• PROVIDED MATERIAL:
= = =

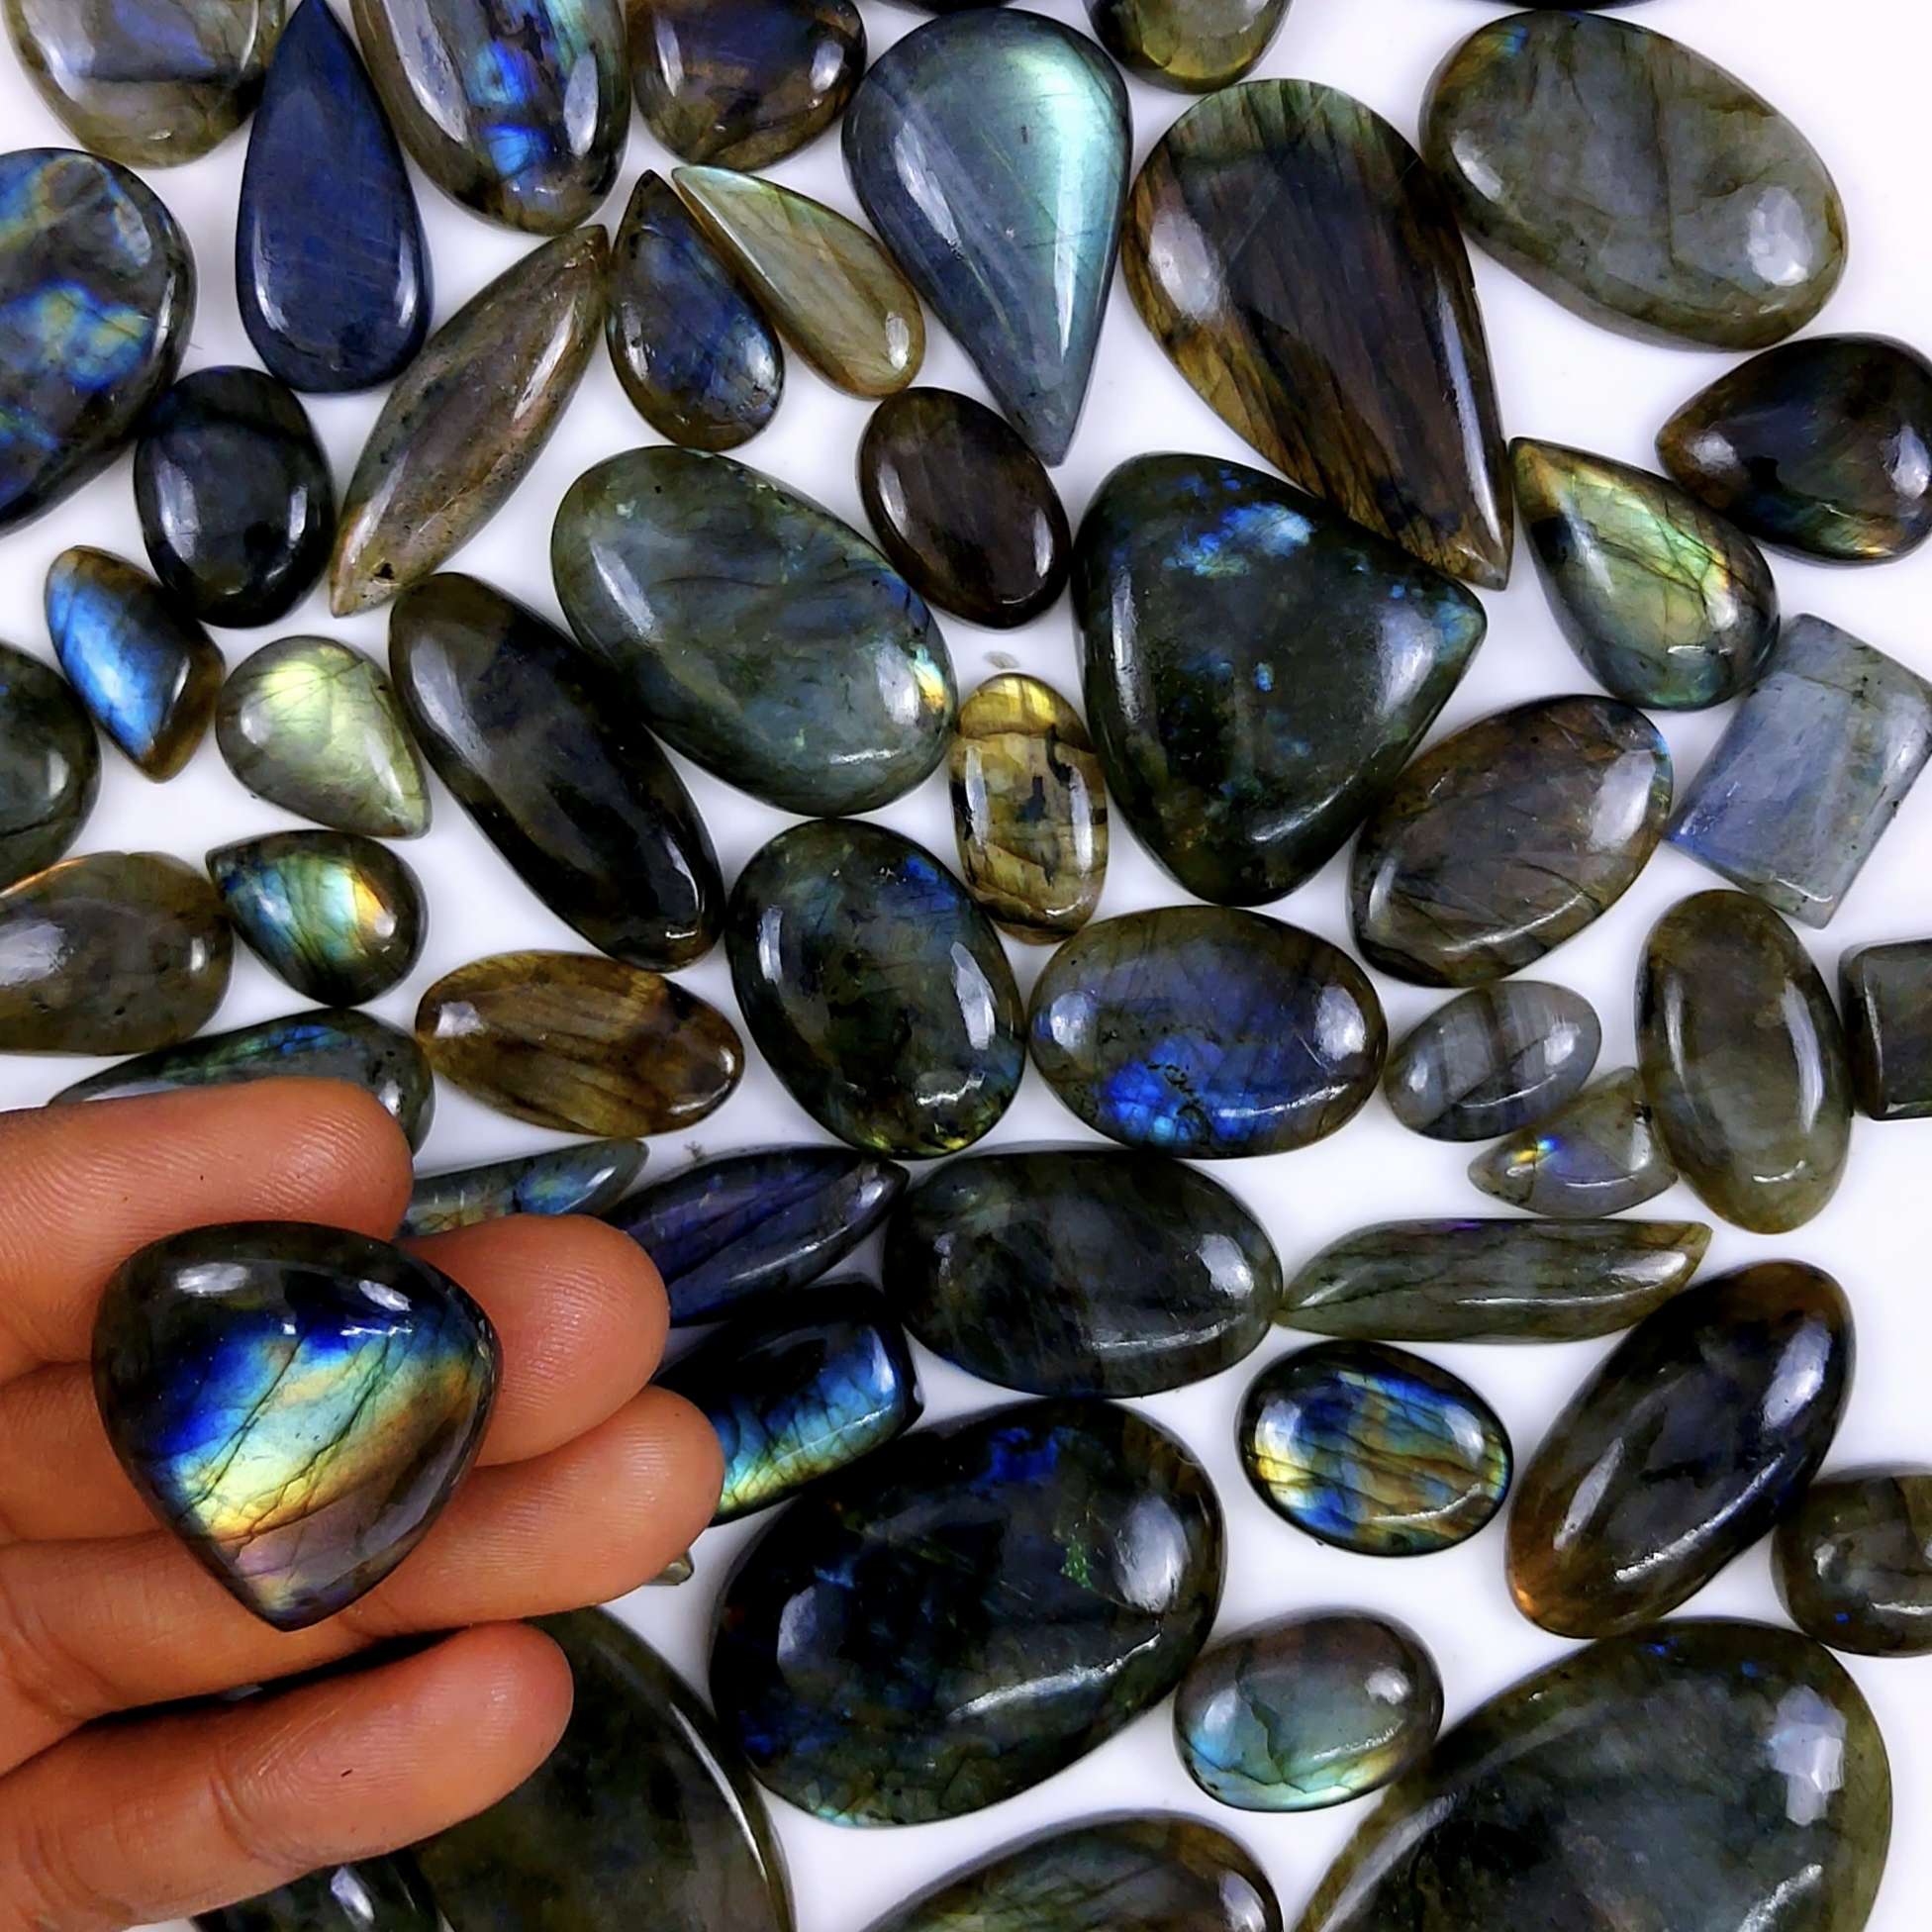 64pc 1881Cts Labradorite Cabochon Multifire Healing Crystal For Jewelry Supplies, Labradorite Necklace Handmade Wire Wrapped Gemstone Pendant 58x30 18x16mm#6353
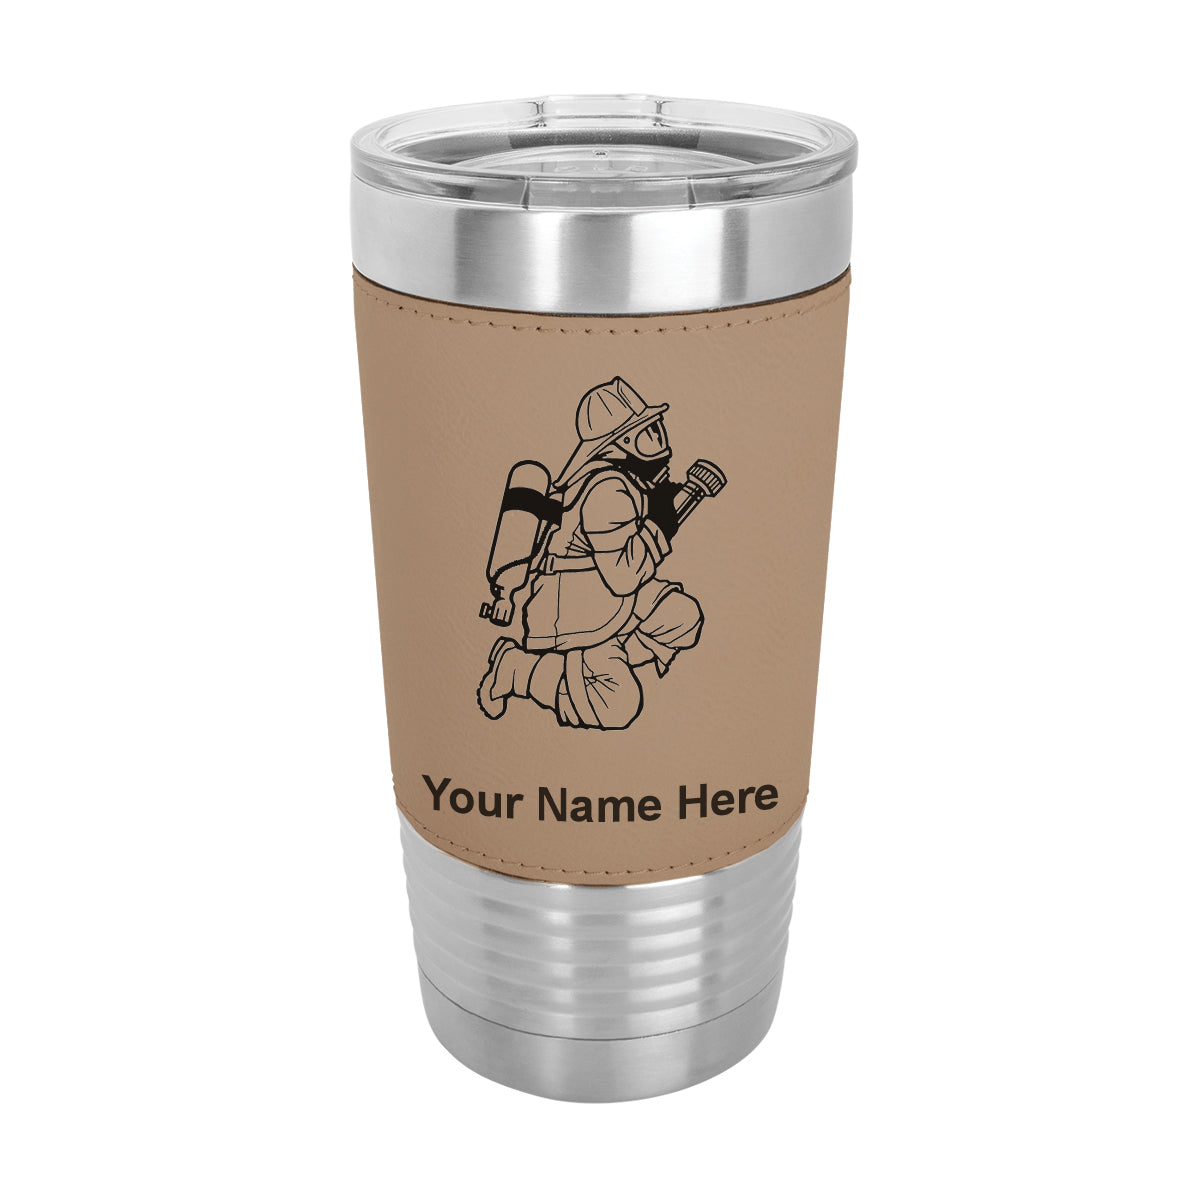 20oz Faux Leather Tumbler Mug, Fireman with Hose, Personalized Engraving Included - LaserGram Custom Engraved Gifts
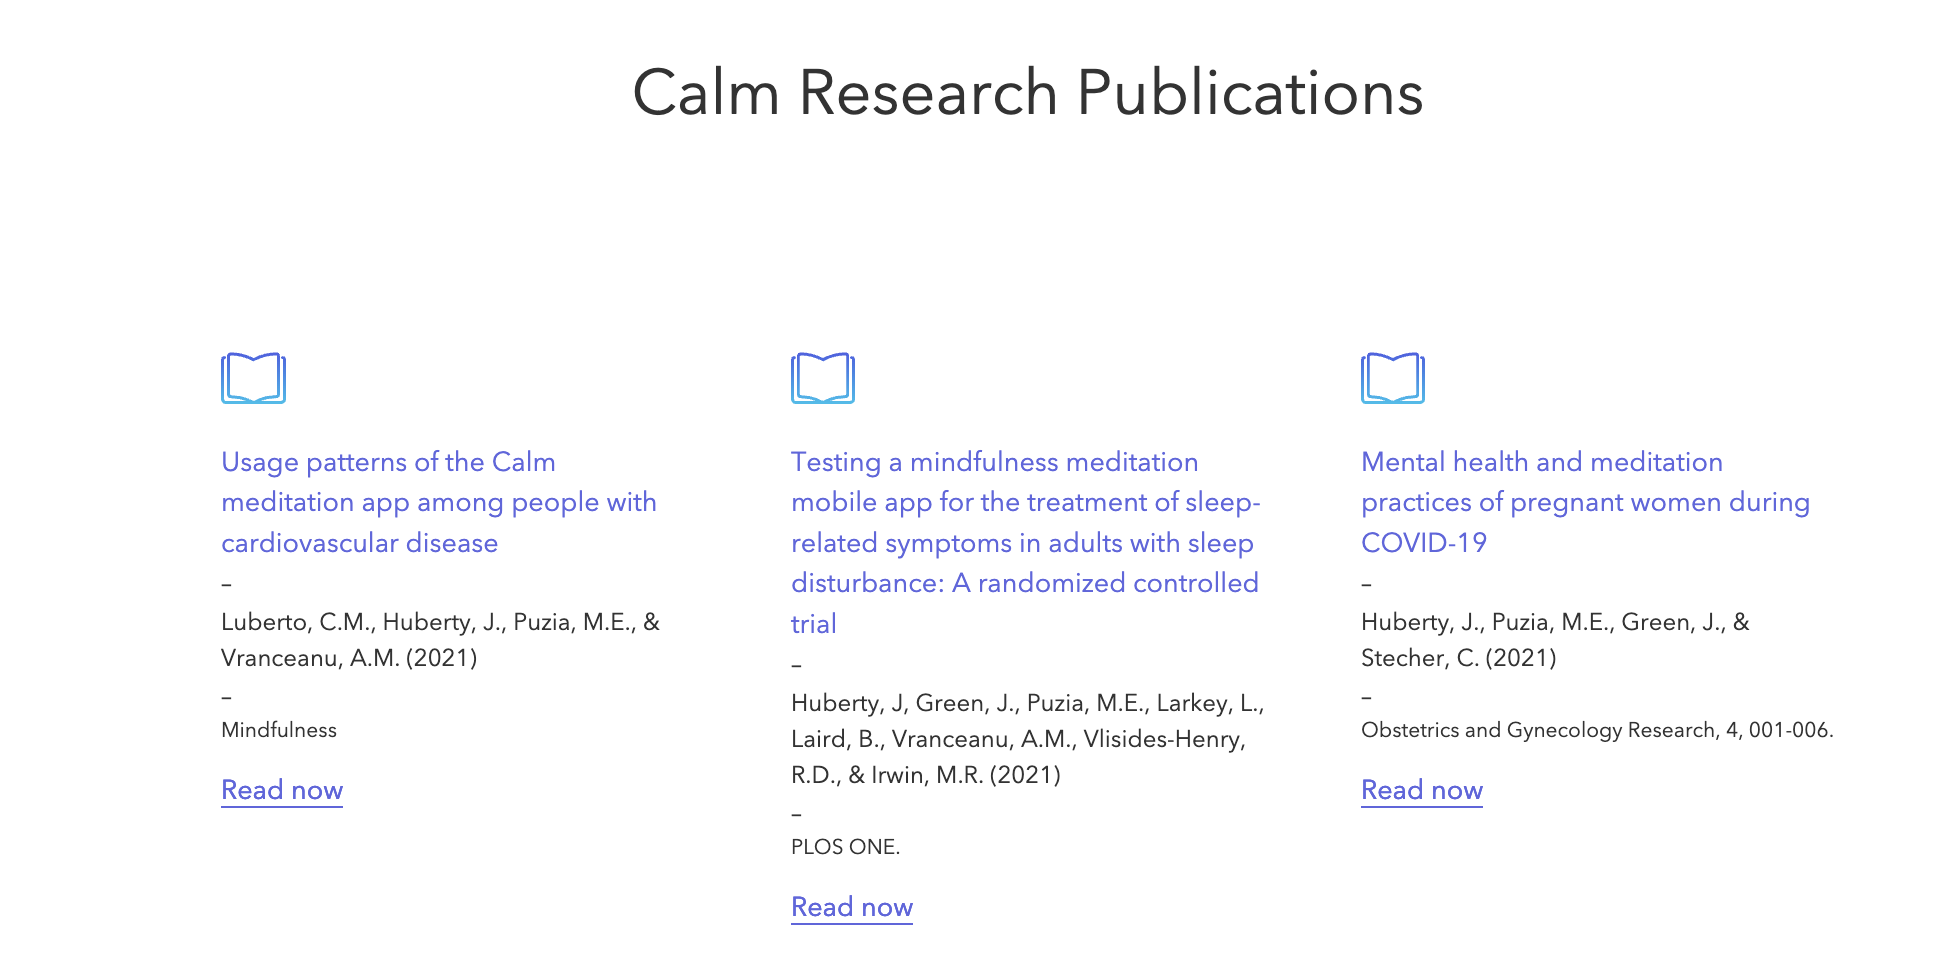 Research Publications for Calm

= = =

• PROBLEM TO SOLVE: The result should be the same data as above, line for line, with the pictures gone.

• SOLUTION TO THE PROBLEM:
 64pc 1881Cts Labradorite Cabochon Multifire Healing Crystal For Jewelry Supplies, Labradorite Necklace Handmade Wire Wrapped Gemstone Pendant 58x30 18x16mm#6353
 20oz Faux Leather Tumbler Mug, Fireman with Hose, Personalized Engraving Included - LaserGram Custom Engraved Gifts
 Research Publications for Calm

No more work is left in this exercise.